Task to complete — All lines below starting at the one that holds "imprv inventory" and ending at the one that holds "Mecor 4 Inch" should be printed exactly, ends included. Pictures should not be printed, nor anything else.

Information —
..............................

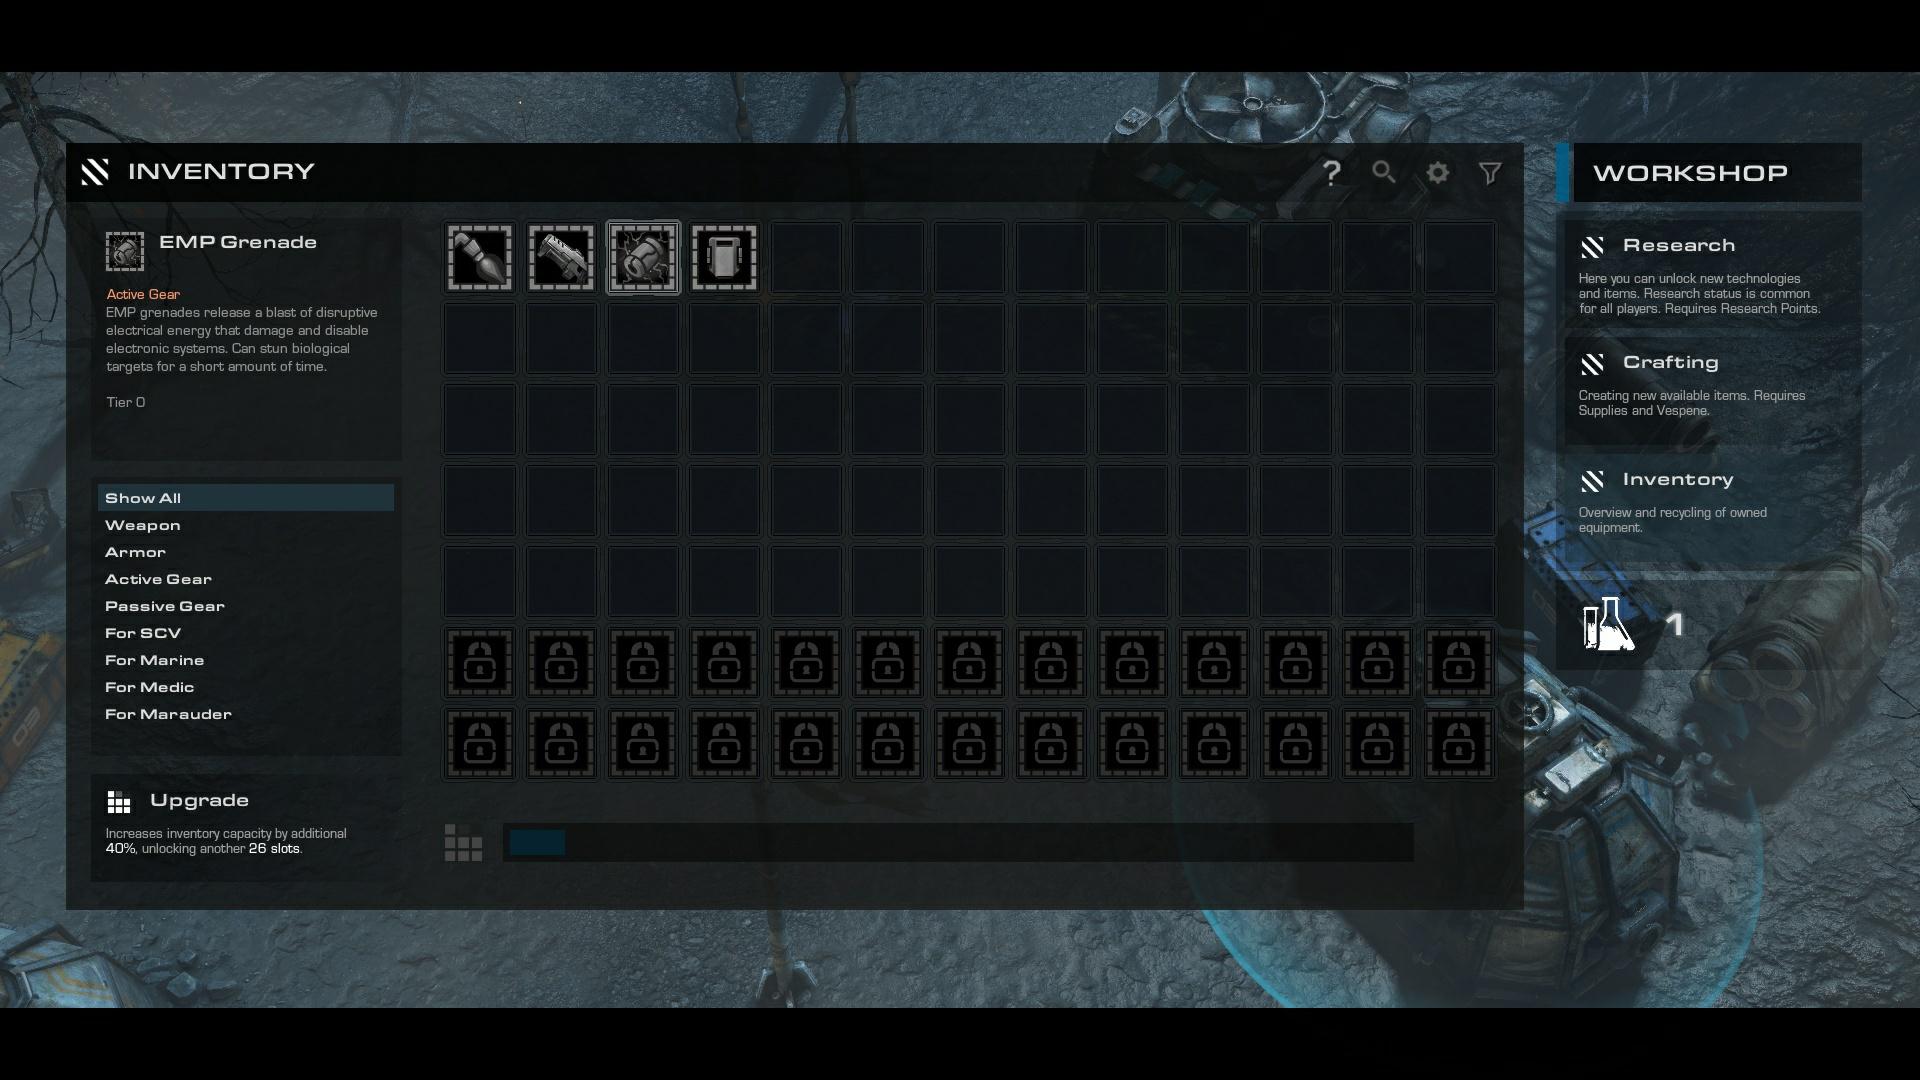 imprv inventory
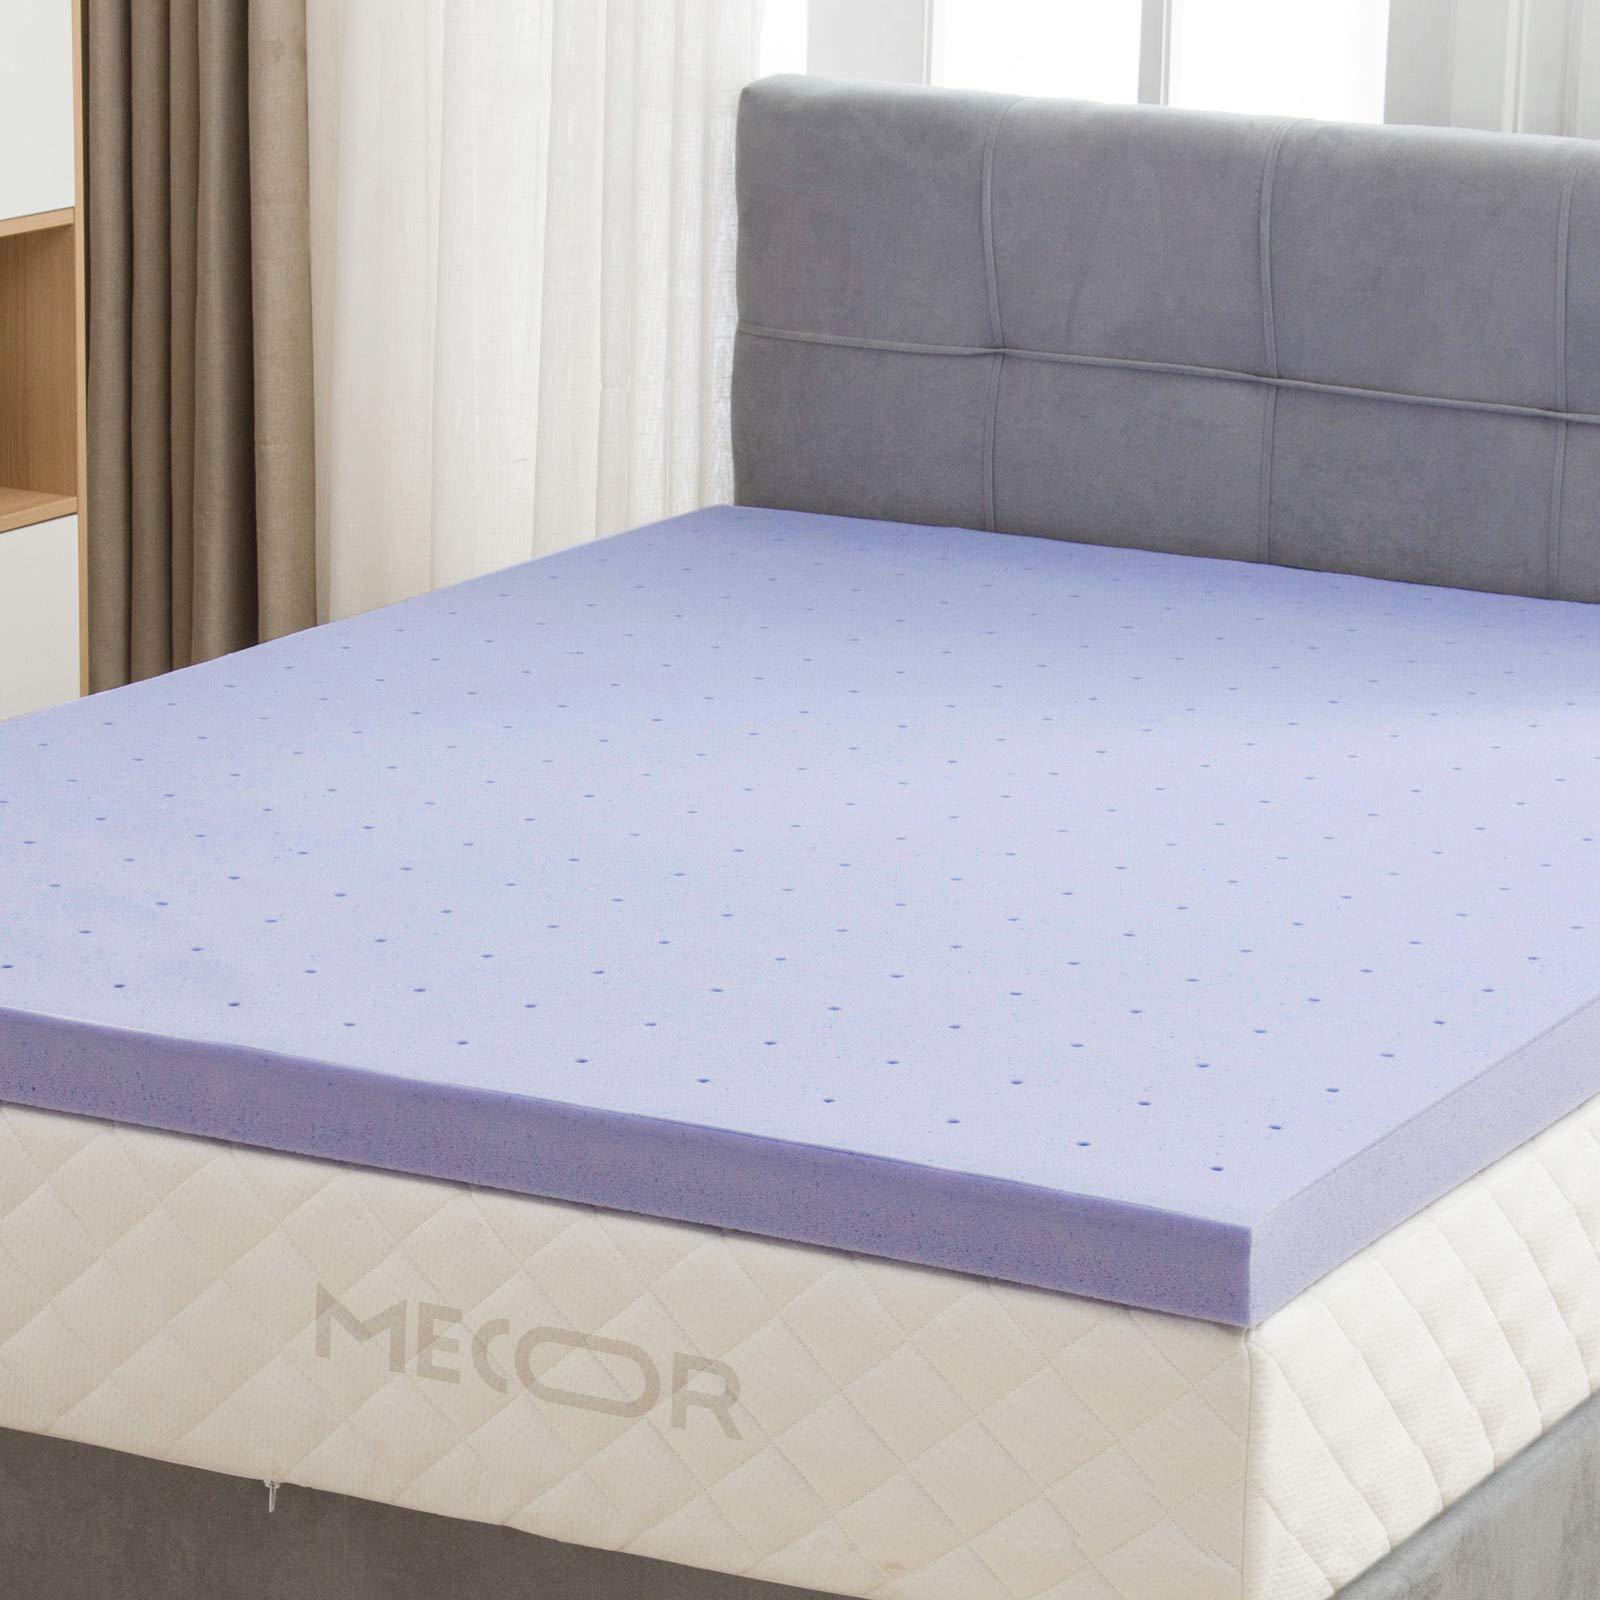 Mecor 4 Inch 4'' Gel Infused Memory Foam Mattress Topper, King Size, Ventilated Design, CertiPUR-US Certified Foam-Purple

..............................

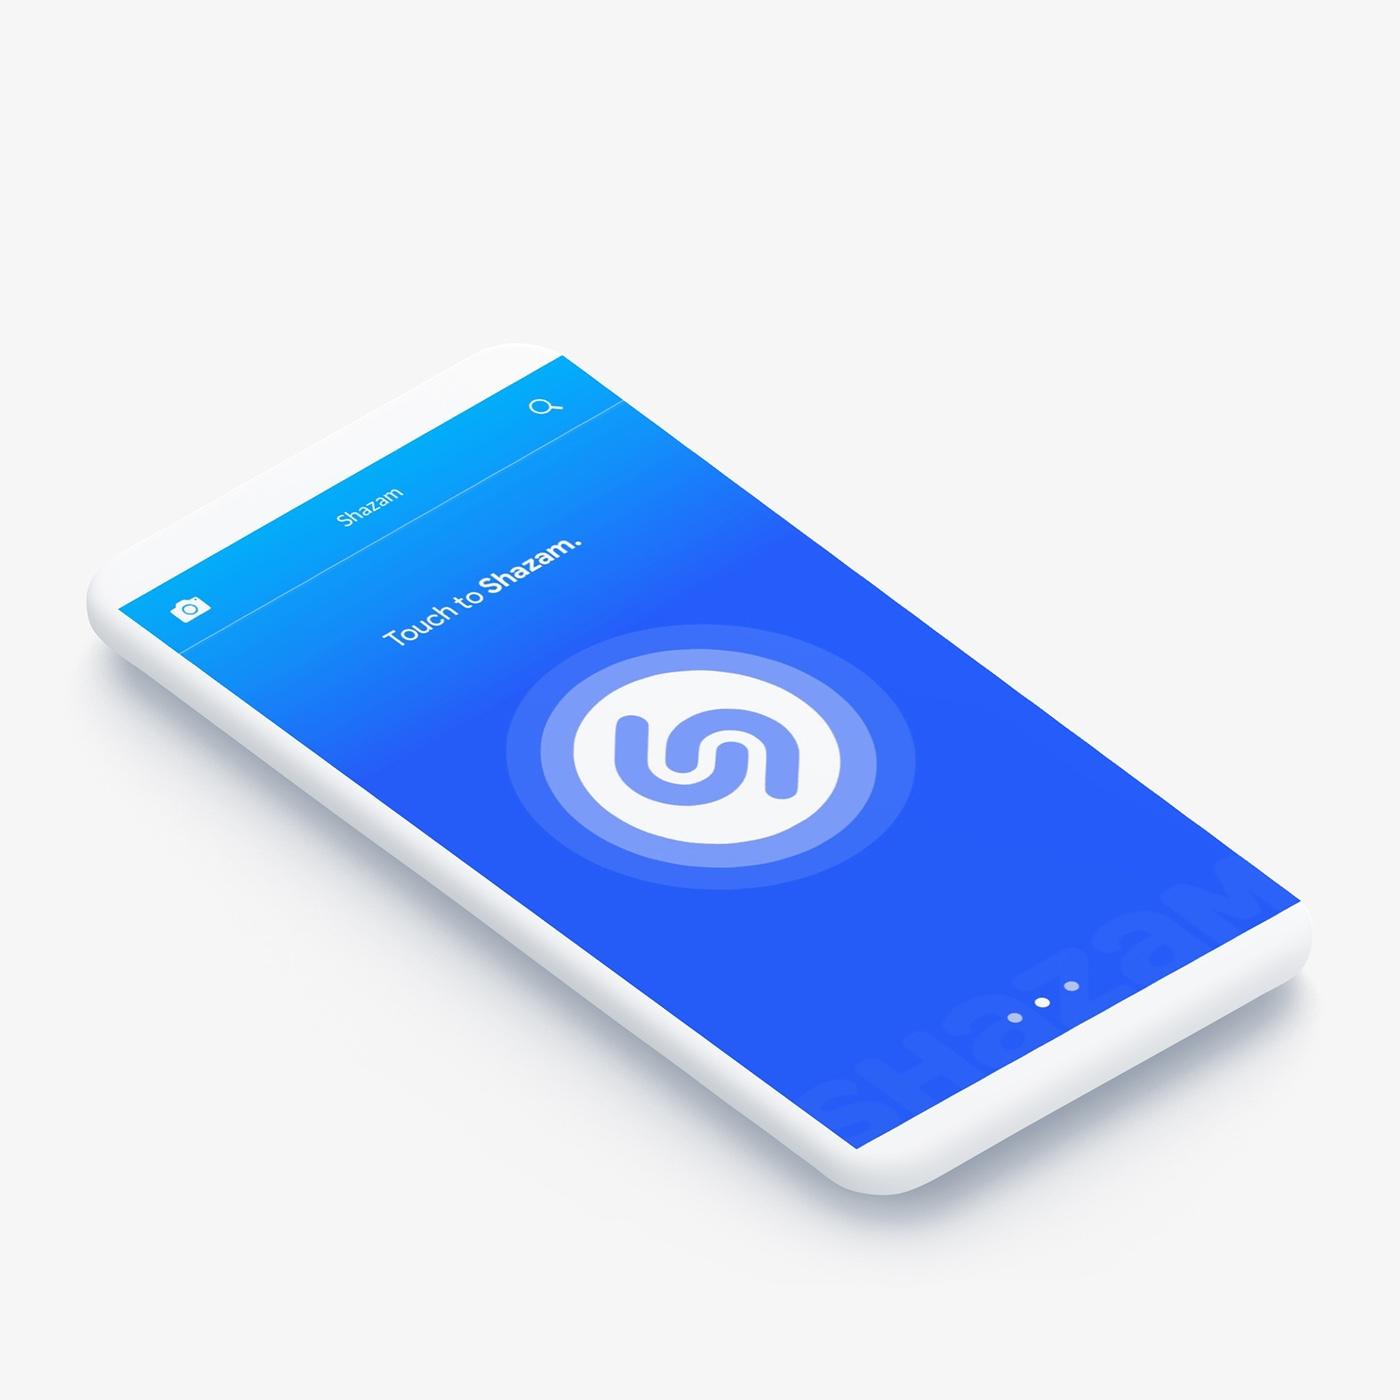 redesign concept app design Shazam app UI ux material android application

..............................

Answer for this exercise —
 imprv inventory
 Mecor 4 Inch 4'' Gel Infused Memory Foam Mattress Topper, King Size, Ventilated Design, CertiPUR-US Certified Foam-Purple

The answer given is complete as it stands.